Die Ostdeutschen haben 1989 die Demokratie und die Freiheit erkämpft. Unbewaffnet sind sie auf die Straße gegangen, haben gerufen: „Wir sind das Volk“. Lässt sich eine demokratischere Handlung denken als diese?
Der Demos hat der Regierung verdeutlicht, dass sie nicht das Volk vertritt und sie hinweggefegt. Der Weg zur deutschen Einheit, an die viele im Osten bis zum Herbst 1989 nicht mehr geglaubt haben, hatte doch die SED-Führung gestützt auf die Staatsgewalt behauptet, dass der Sozialismus siegen und ewigen Bestand haben würde, wurde damit betreten.
Aber auch nicht wenige Deutsche im Westen erinnerten sich an den anderen Teil Deutschlands nur, wenn sie Verwandtschaftsbeziehungen pflegten.
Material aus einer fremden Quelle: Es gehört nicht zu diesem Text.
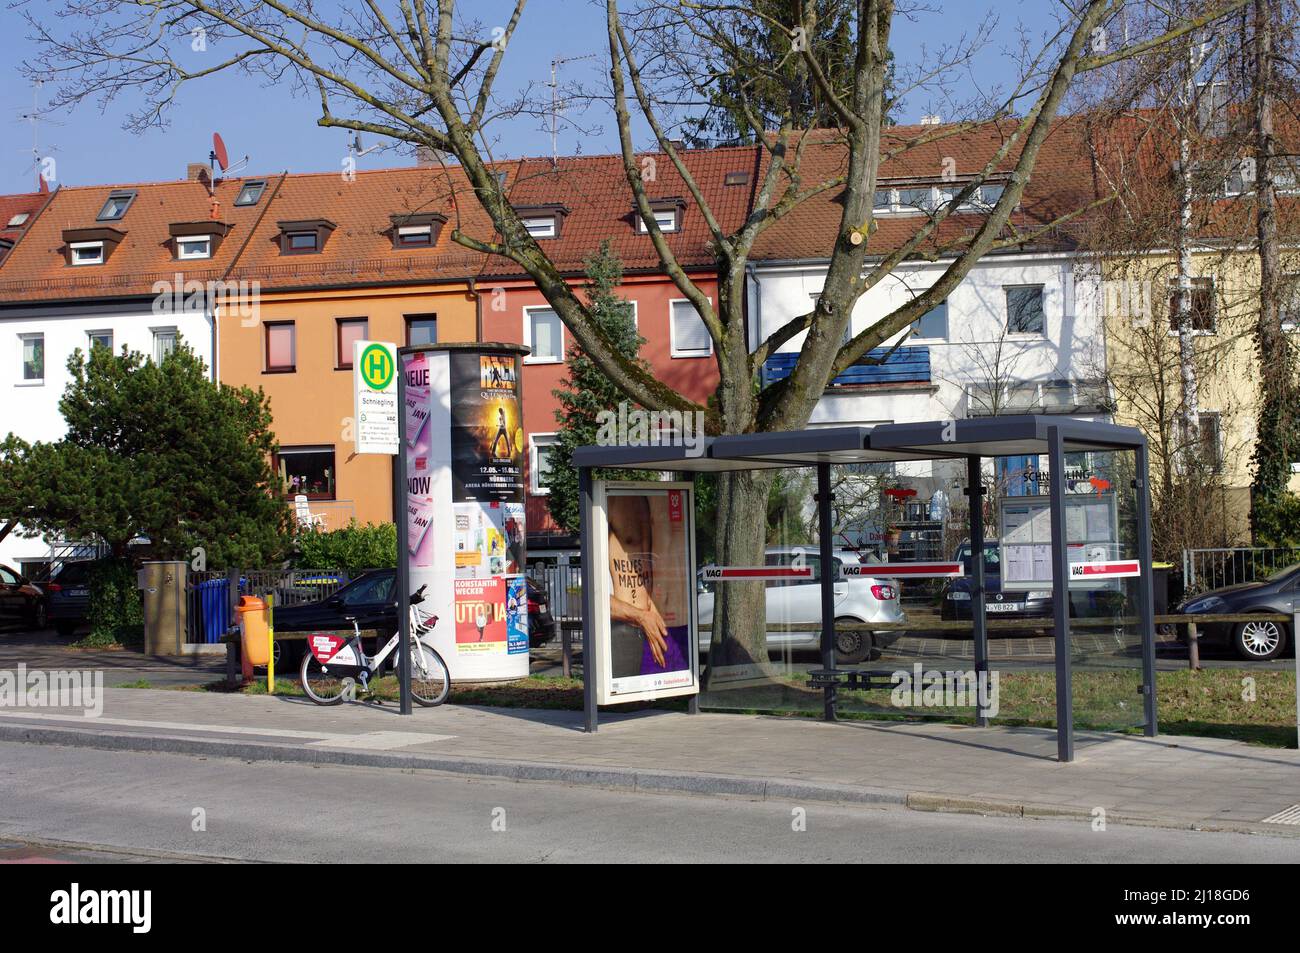 Bushaltestelle mit Leihrad, symbolisches Bild für neue Mobilität in der Stadt Stockfoto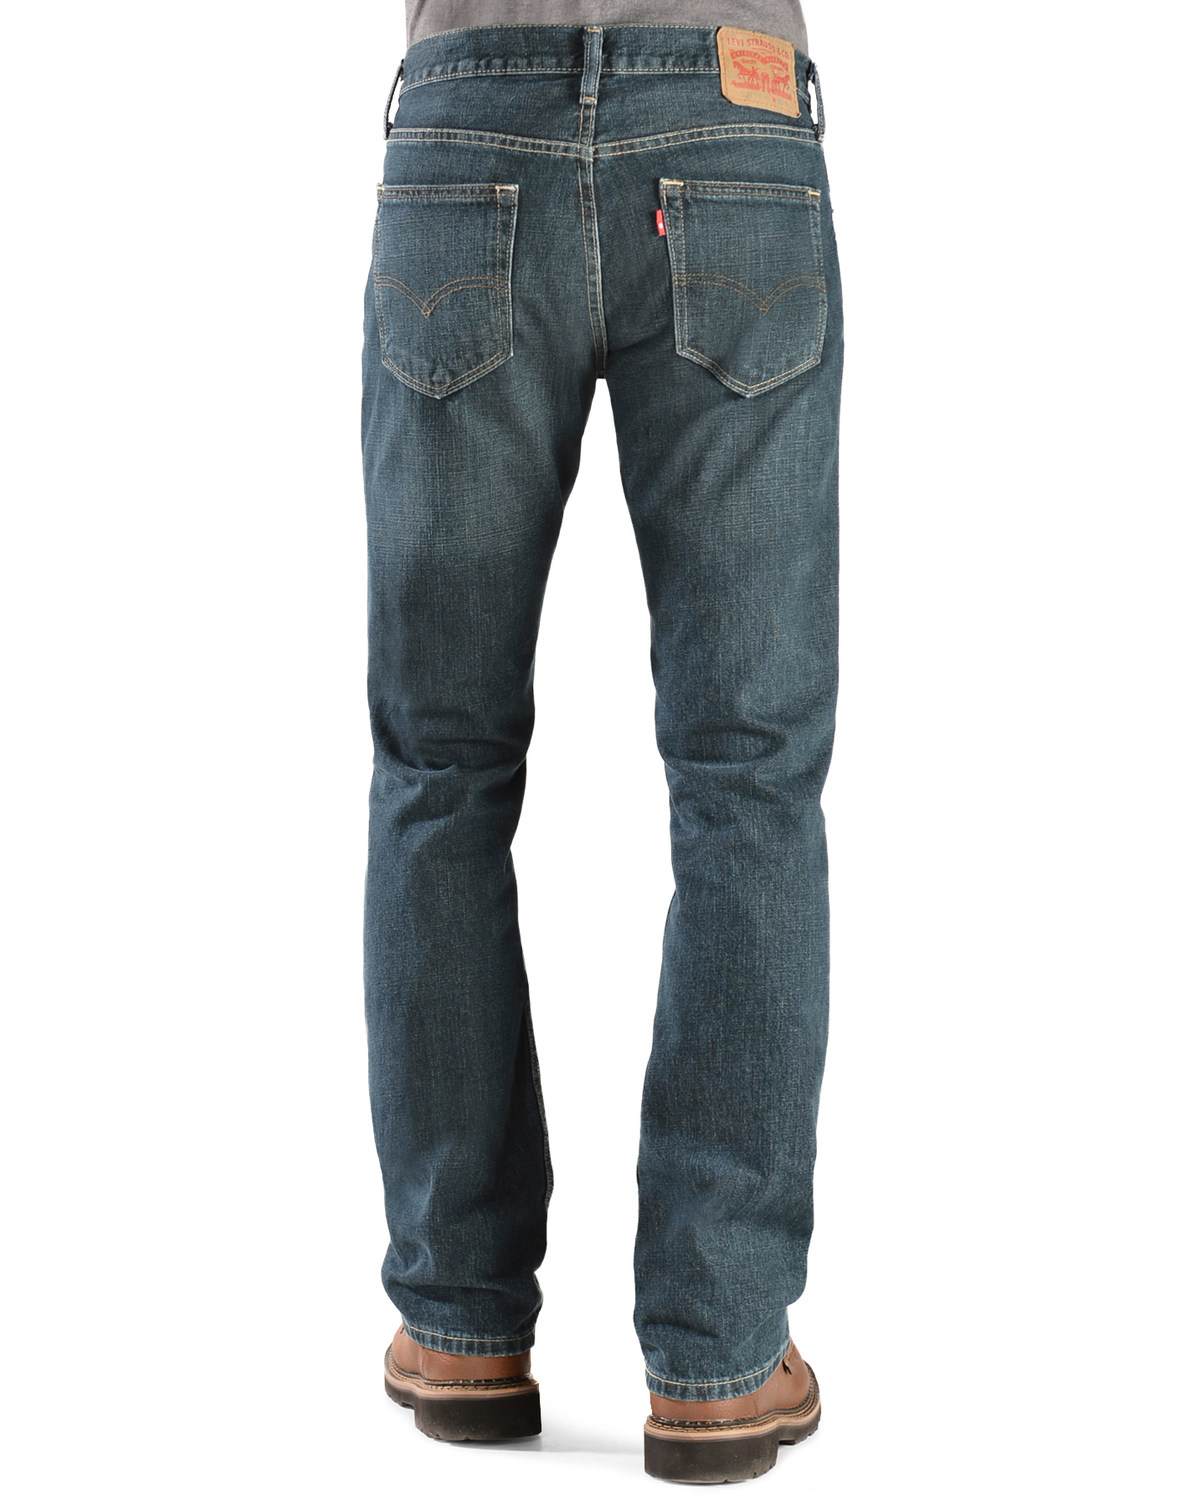 mens low rise jeans levis off 67

Teile des linksliberalen juste milieus sahen den Zusammenbruch des Sozialismus mit Grausen, endete doch mit der DDR ein Staat, der ihnen die Träume einer besseren Welt ermöglichte, ohne in dieser besseren Welt auch selbst leben zu müssen. Manche hatten sich damals schon als „Europäer“ empfunden, einer Ideologie des Postnationalstaatlichen gefrönt und die Verachtung auf das eigene Land, die eigene Kultur als Entschuldung von der nationalsozialistischen Vergangenheit angesehen.
Doch auch für viele Westdeutsche ging mit der Einheit ein Traum in Erfüllung. Das wird zu wenig wahrgenommen, weil bereits in den achtziger Jahren der linksliberale Komplex den Kampf um die Deutungshoheit gewonnen hatte.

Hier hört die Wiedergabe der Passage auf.